* Problem description *
A faithful copy is needed of the lines below from the one with "Újabb képeken a Nokia Lumia 820" up to and including the one with "Custom Design for Tom"; set it down with no pictures and no other lines.

(Beginning of Data provided)

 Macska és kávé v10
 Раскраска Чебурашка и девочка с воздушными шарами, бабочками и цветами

(End of Data provided)
(Beginning of Data provided)

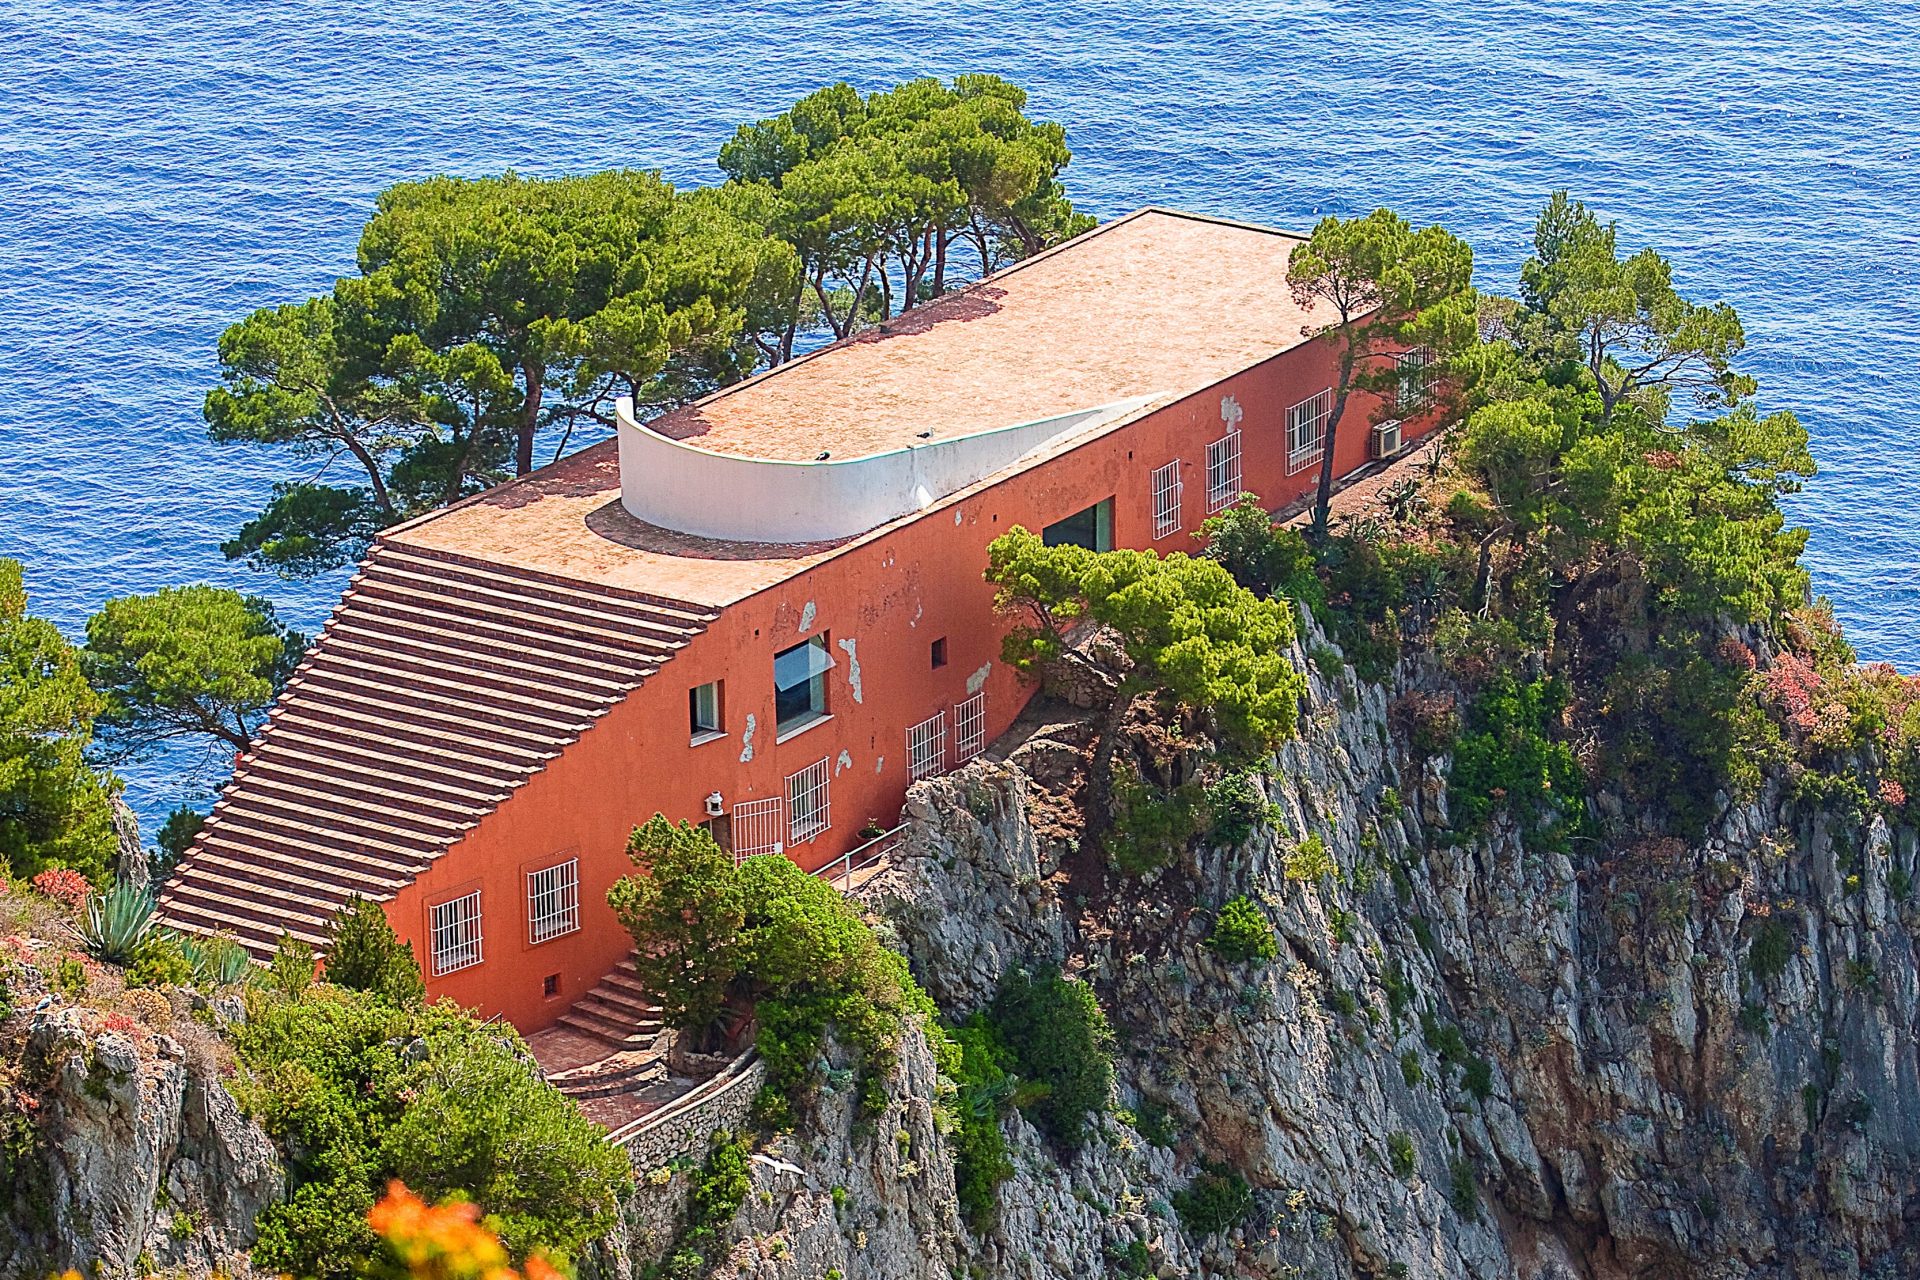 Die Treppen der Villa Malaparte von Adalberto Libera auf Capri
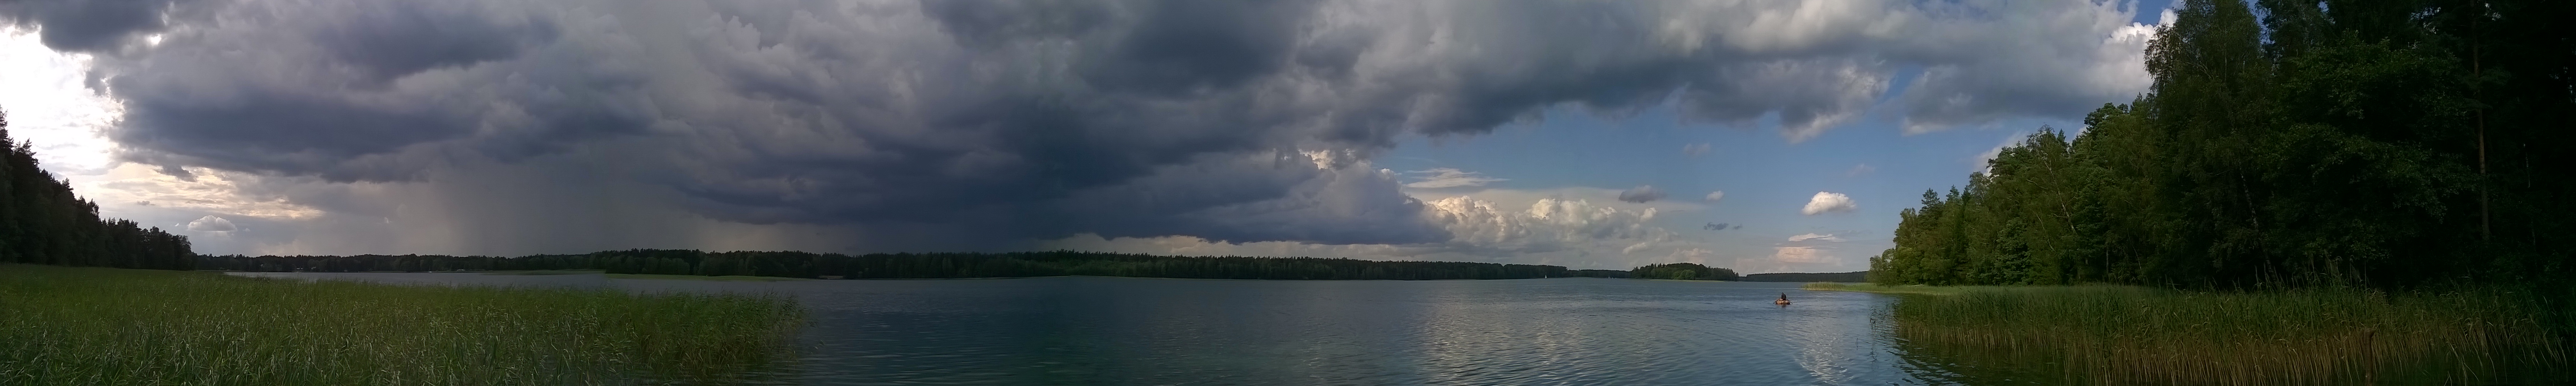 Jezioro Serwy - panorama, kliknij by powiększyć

(End of Data provided)
(Beginning of Data provided)

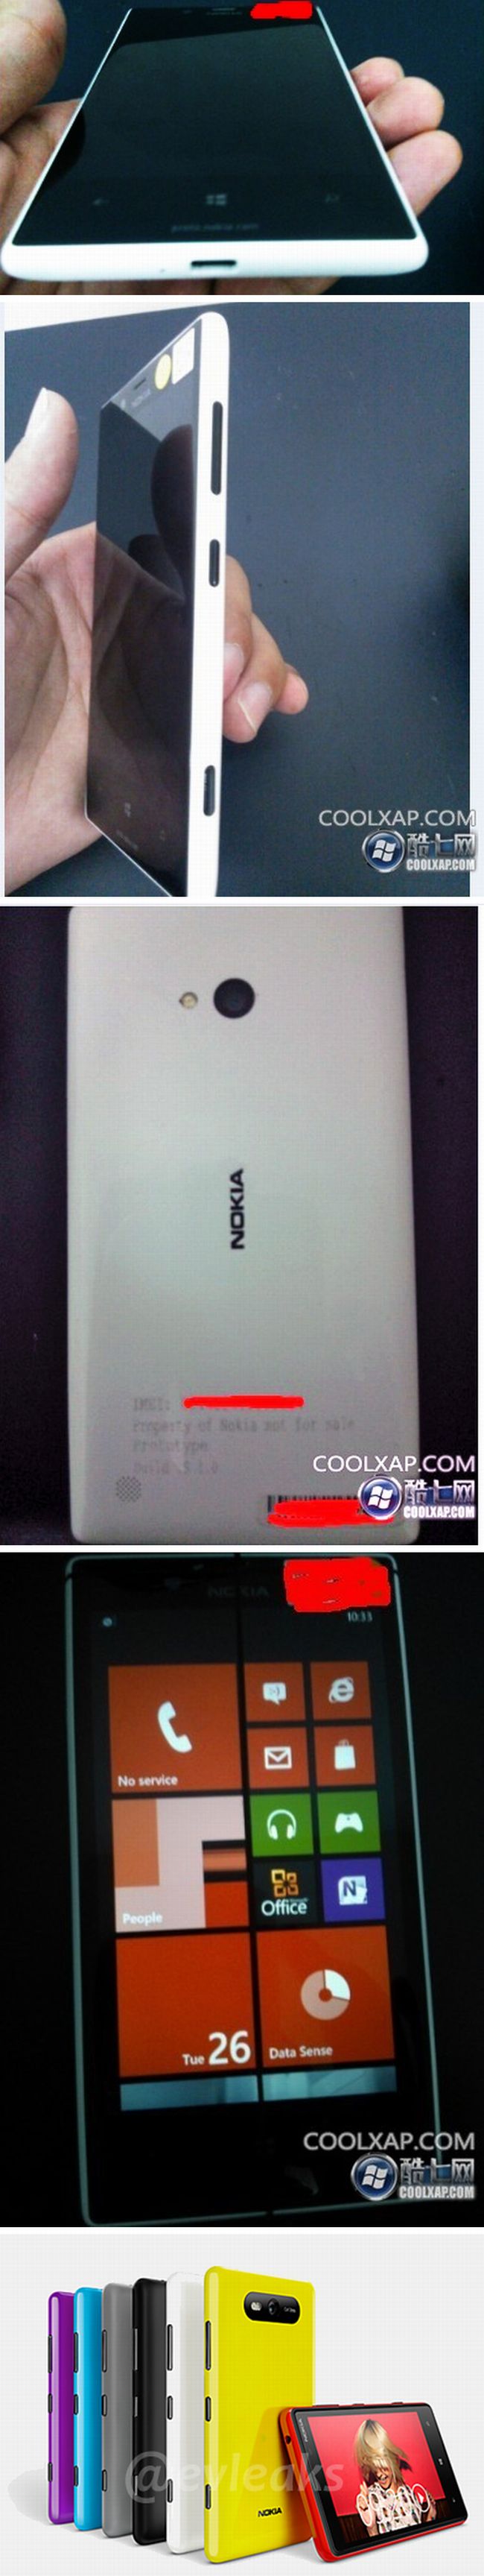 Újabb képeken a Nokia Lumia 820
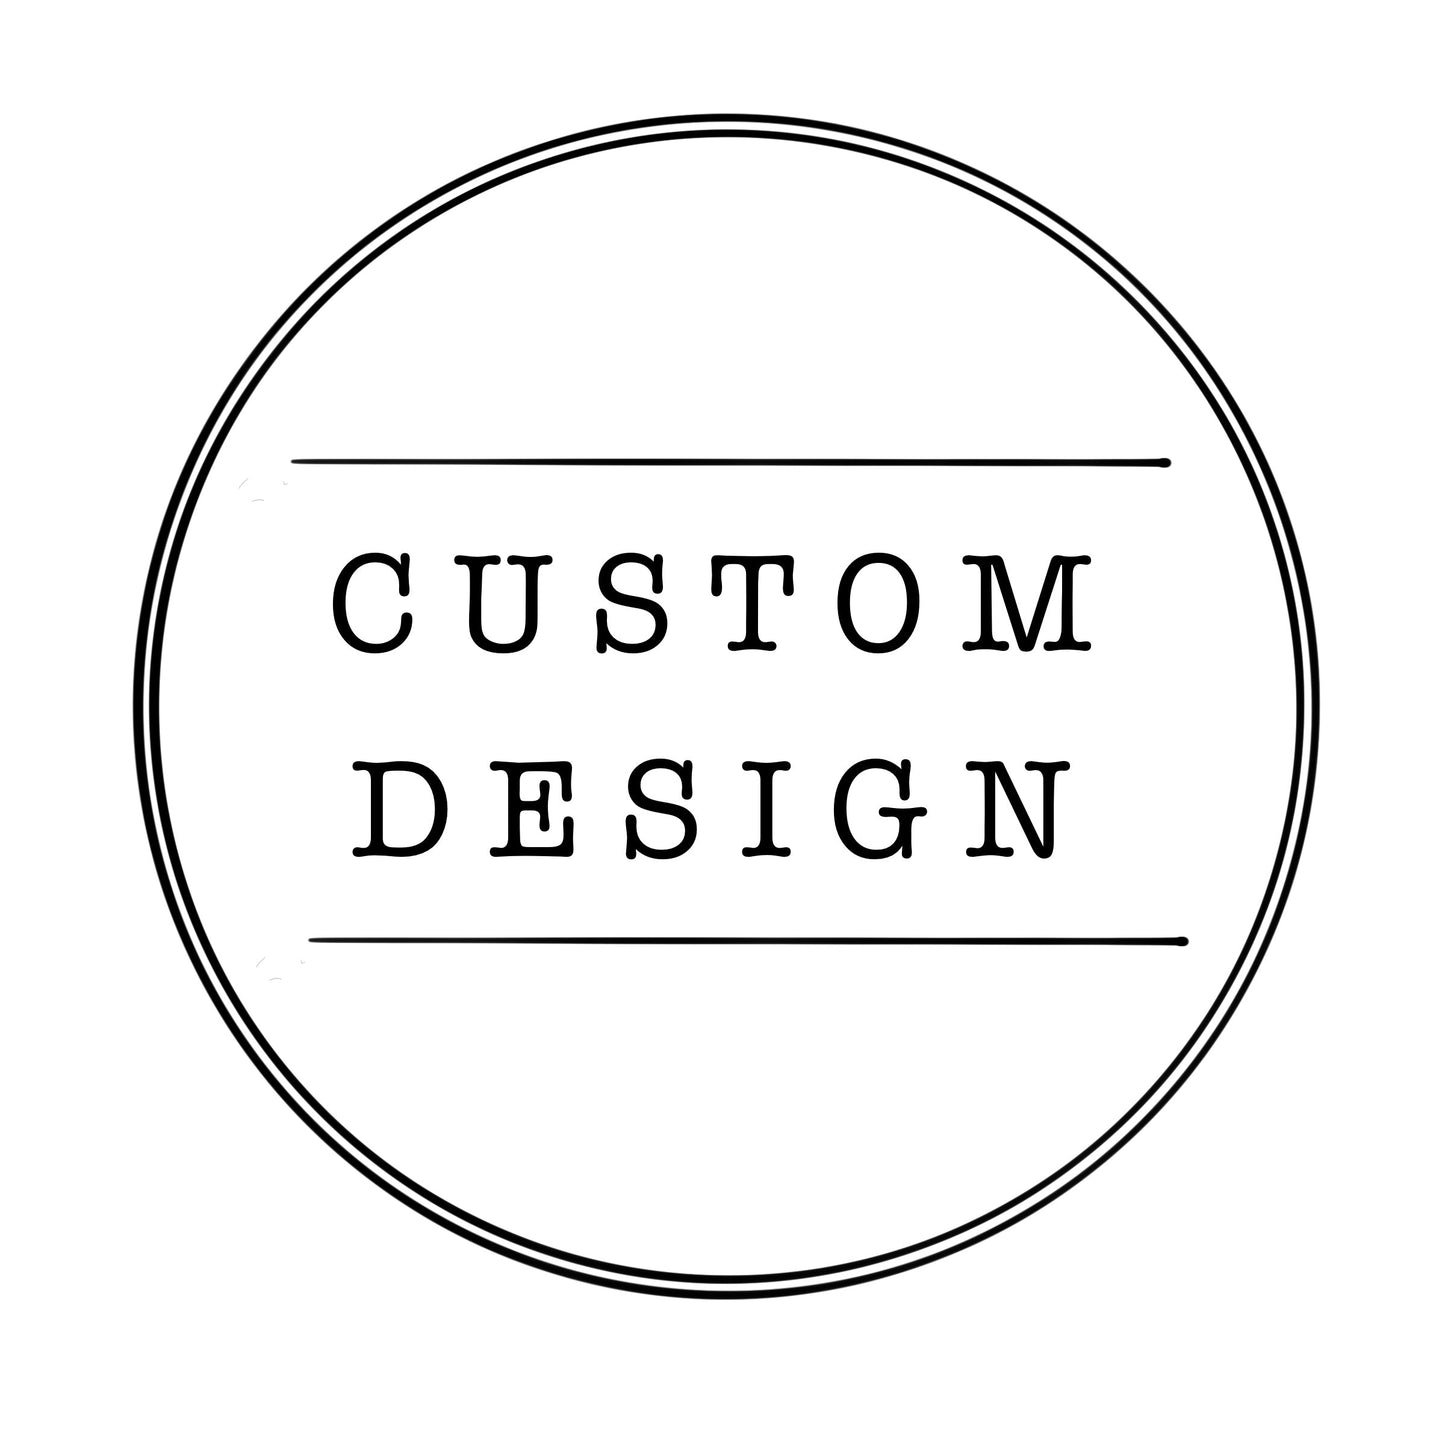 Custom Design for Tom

(End of Data provided)

* Result of the task *
 Újabb képeken a Nokia Lumia 820
 Custom Design for Tom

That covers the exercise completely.